# Generic IEEE 1284 printer driver installation issue[MOVED FROM WINDOWS]



## allison1968 (Jul 7, 2008)

I was installing an hp photosmart printer on windows XP SP2. I was able to install the software and the printer driver but when I got to the part where it was looking for the generic printer driver it could not be found on either the downloaded driver from HP or my Windows xP installation disk. I have an unknown device in the device manager that I would like to update with the driver so the printer will respond. Is there anyone who can help with this>? Any help will be appreciated.

Thanks:4-dontkno


----------



## Coolfreak (May 27, 2008)

*Re: Generic IEEE 1284 printer driver installation issue*

*Here* is a free program which can help you find out exactly what the Unknown device is.
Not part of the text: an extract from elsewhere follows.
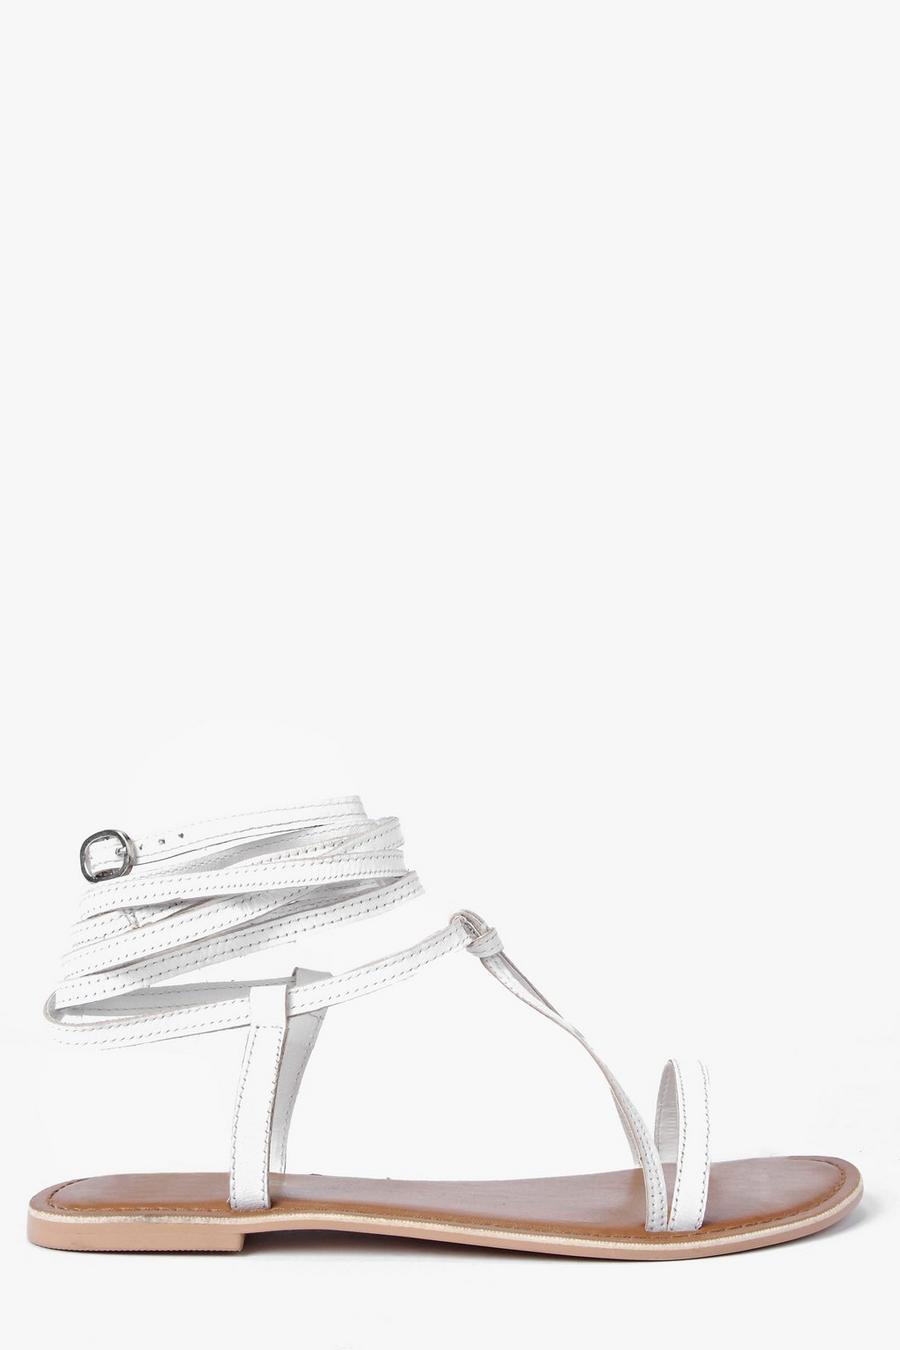 White Boutique Wrap Strap Leather Ghillie Sandals image number 1

_(Simply click the colored link to be re-directed)_

Which will then help us verify what driver you need.

-Coolfreak


----------



## Dwarflord (Dec 13, 2007)

*Re: Generic IEEE 1284 printer driver installation issue*

Nice post Coolfreak:smile:


----------



## allison1968 (Jul 7, 2008)

*Re: Generic IEEE 1284 printer driver installation issue*

Thanks for your help so far. Iknow the device is the printer because as soon as I disconnect it the generic unknown device disappears. I am technical and usually the driver can be found in the cab files or on the driver but to no avail this time. I also tried the win xp cd and still can't locate the file.

any other help is appreciated:wave:


----------



## Coolfreak (May 27, 2008)

*Re: Generic IEEE 1284 printer driver installation issue*

Does the printer show up when you go to: *Start* > *Printers and Faxes*?


----------



## allison1968 (Jul 7, 2008)

*Re: Generic IEEE 1284 printer driver installation issue*

No it goes through the entire installation and after downloading a patch at the urgence of HP it will not detect the printer. The CPU does but the installation does not complete and I know if I could get the generic driver installed I can then go and find the installed driver in the list but until I can get past these hurdles I am stuck


----------